Что-то серьезное? Я хочу сказать, роман или сборник рассказов или что-то такое? Упаси Бог, возразил я, отмахиваясь свободной рукой, чисто личные заметки, просто для души, пусть она наконец сядет где-нибудь.
Надя выбрала рабочее кресло, недолго думая, смахнула с сиденья носки и трусы, после чего плюхнулась на него, привалилась к спинке и положила ноги на низкий журнальный столик, поверх раскрытых книжек, пестрых картонных папок с материалом, листков с заметками и разрозненных газетных вырезок. Она в самом деле уселась точно так же, как часто сижу я, и улыбнулась, как всегда слегка приподняв левую бровь. Потрясное место, вид на улицу, небо видно, сказала она. А я, все еще совершенно ошалевший, стоя перед ней с этим огромным букетом, не переводя дыхания, спросил ее, не хочет ли она что-нибудь выпить, по какой причине пришла сюда и откуда, собственно, узнала, где я живу. Кофе с молоком, если у тебя есть, пришла просто так, узнать адрес не проблема, ответила она с подчеркнутой небрежностью. И в такт сказанному даже легонько покачалась во вращающемся кресле туда-сюда. Поэтому я быстро распахнул окна и для начала исчез в кухне.

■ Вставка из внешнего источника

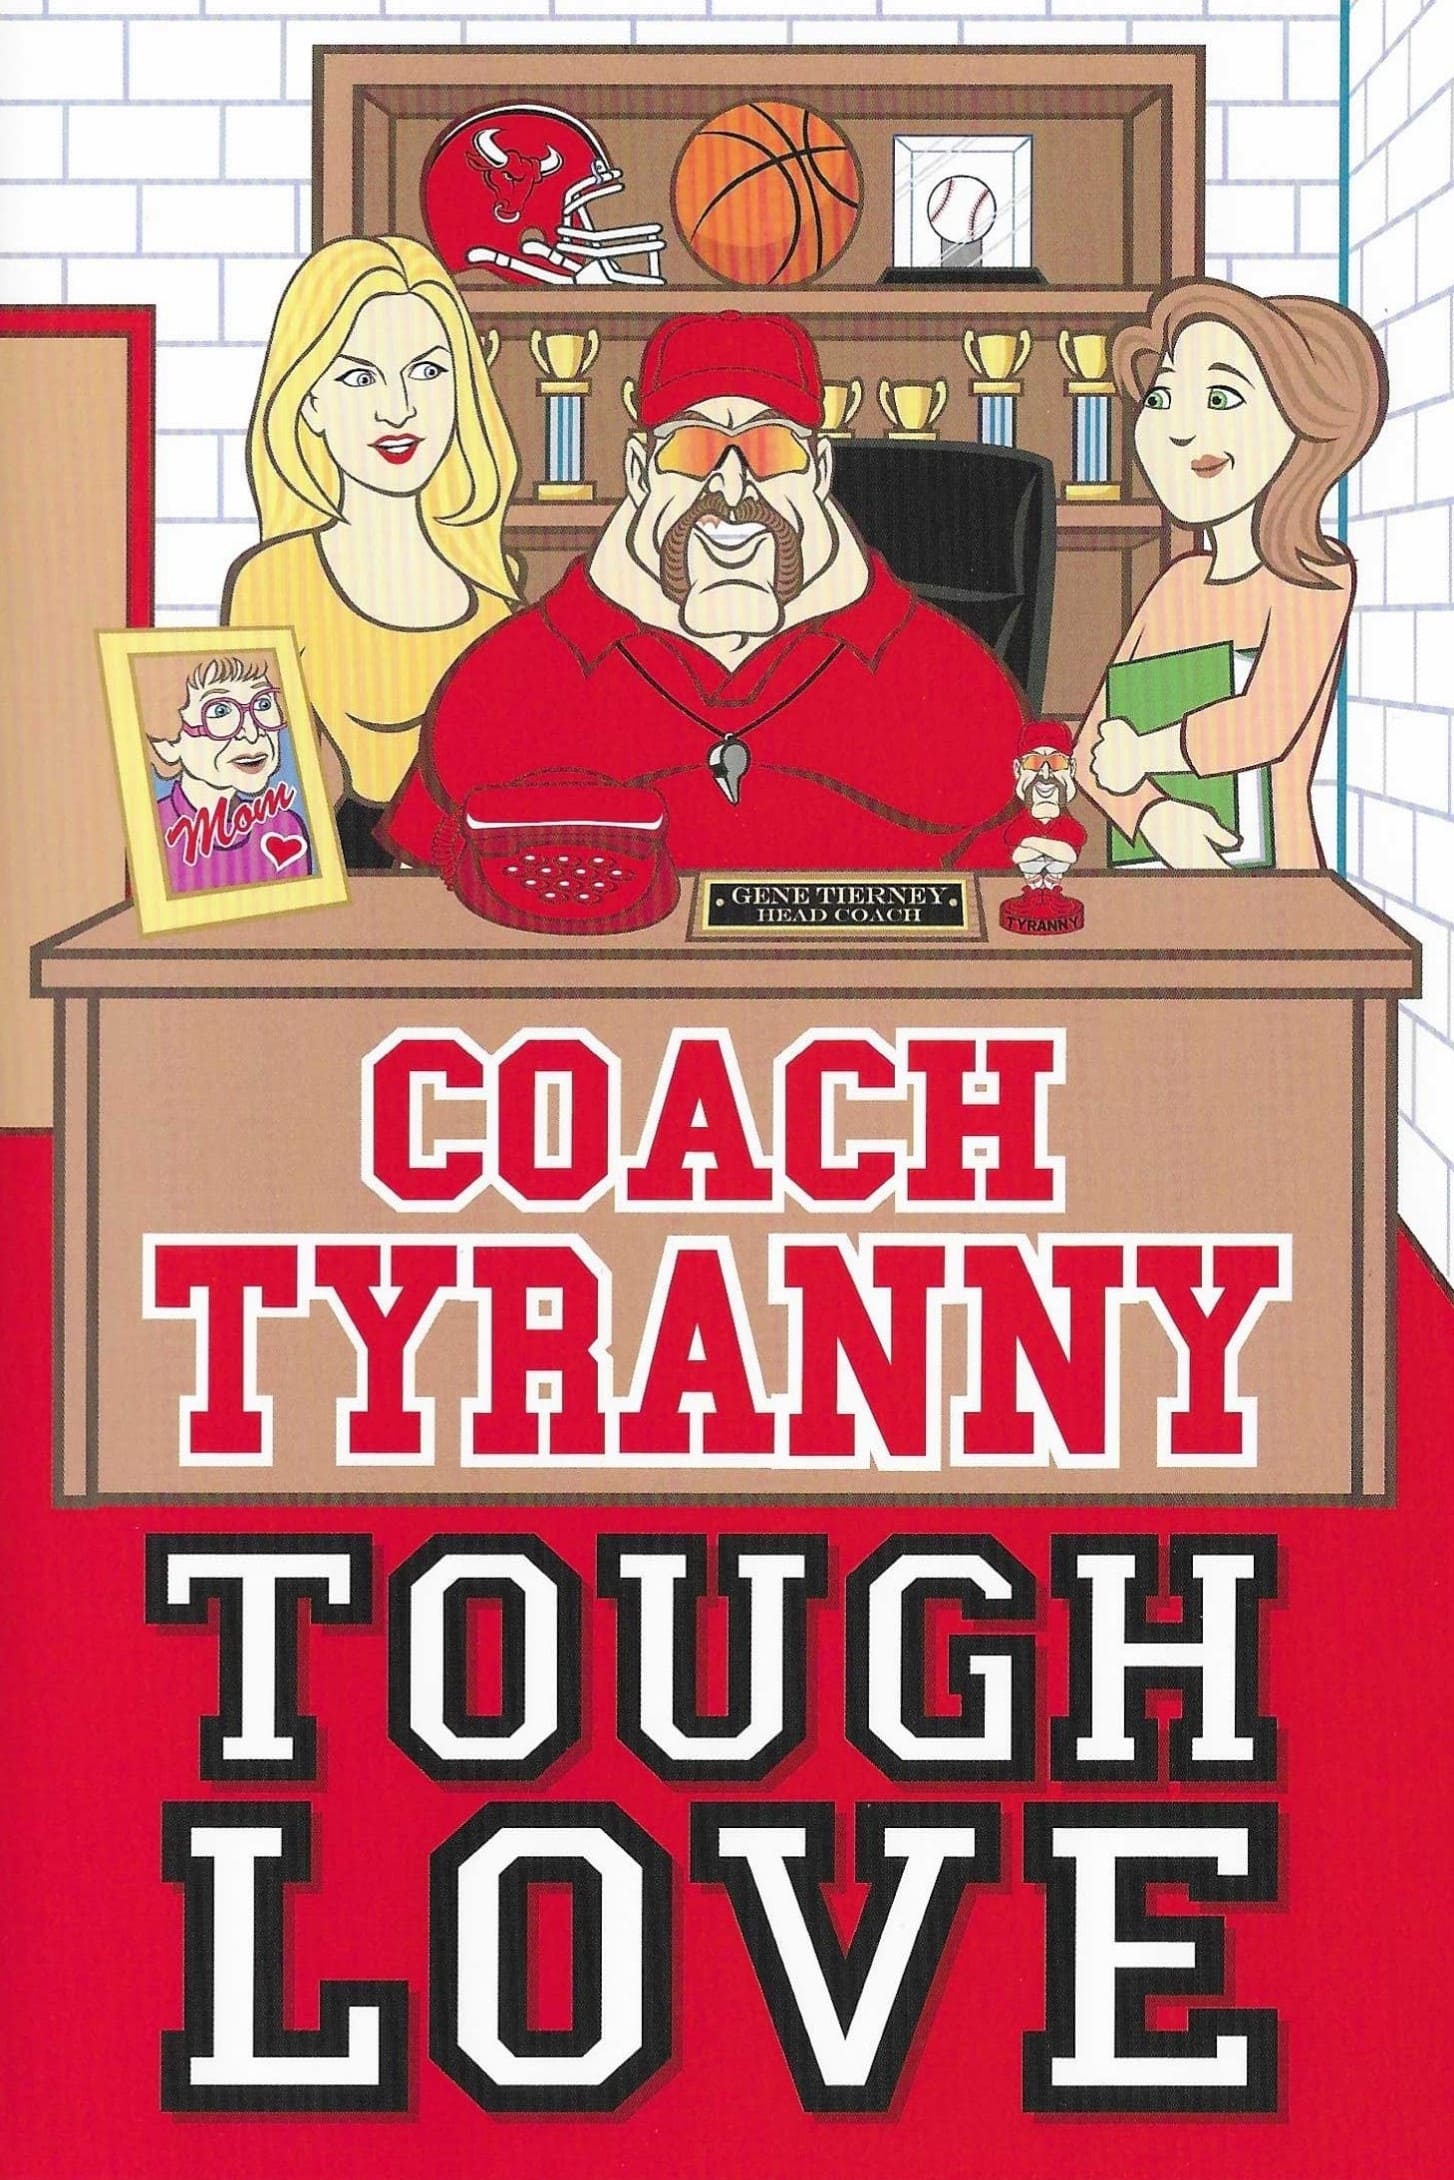 Coach Tyranny: Tough Love

Конечно, было ясно, что, стоит мне повернуться спиной, как она сразу же начнет читать распечатанные страницы. Я даже прикинул, не надо ли убрать их со стола. В конце концов, было бы только правильно и похвально скрыть от ученицы свою интимную сферу. Но втайне я возлагал некоторую надежду на ее юношеское любопытство. По какой-то причине надежда даже пересилила отнюдь не малое смятение, которое я тоже, разумеется, ощущал все сильнее. Ведь там были некоторые весьма сомнительные пассажи, где речь шла о моих бредовых чувствах к Наде.
Итак, пока варился кофе, я прислушивался к тихому шелесту бумаги в гостиной. Я не торопился. Пусть без помех составит себе представление, думал я, пусть спокойно узнает, каких душевных мук стоит мне это дело. Эта мысль пробивалась все явственней. Я и сам не знаю, откуда у меня вдруг взялось столько мужества. Потому ли, что мне нечего было терять, или потому, что я прямо-таки нарывался на щелчок, жаждал решительного разрыва между нами? Только бы избавиться от наваждения. Раз и навсегда.
Как бы то ни было, когда я вернулся, сначала с большей из двух моих ваз, оказавшейся все-таки слишком узкой для Надиного букета, так что пришлось распределить остаток в две пивные кружки, потом с подносом, на котором звенела вымытая кофейная посуда, она все еще продолжала бесцеремонно рыться в моих заметках. «Что же это такое?» — спросила она, в голосе звучало удивление, но вовсе не страх.
Ясное дело, я немного нервничал. Однако, несмотря на волнение, перед лицом ее искренности улетучились остатки и моего стыда. Все вдруг перестало быть мучительным, я ни секунды не думал о том, что мои наброски могут хоть чем-нибудь испугать, задеть, оттолкнуть Надю. Вот что было самым потрясающим, понимаешь? Я ничуть не боялся ее взгляда, когда она наконец отложила бумаги и посмотрела мне прямо в лицо. Я не боялся ничего, что могло бы скрываться за этим взглядом. Зато в тот момент меня вдруг охватило чувство абсолютной полноты существования. Это было нечто вроде всеобъемлющего духовного озарения, словно я выпал из всякого времени.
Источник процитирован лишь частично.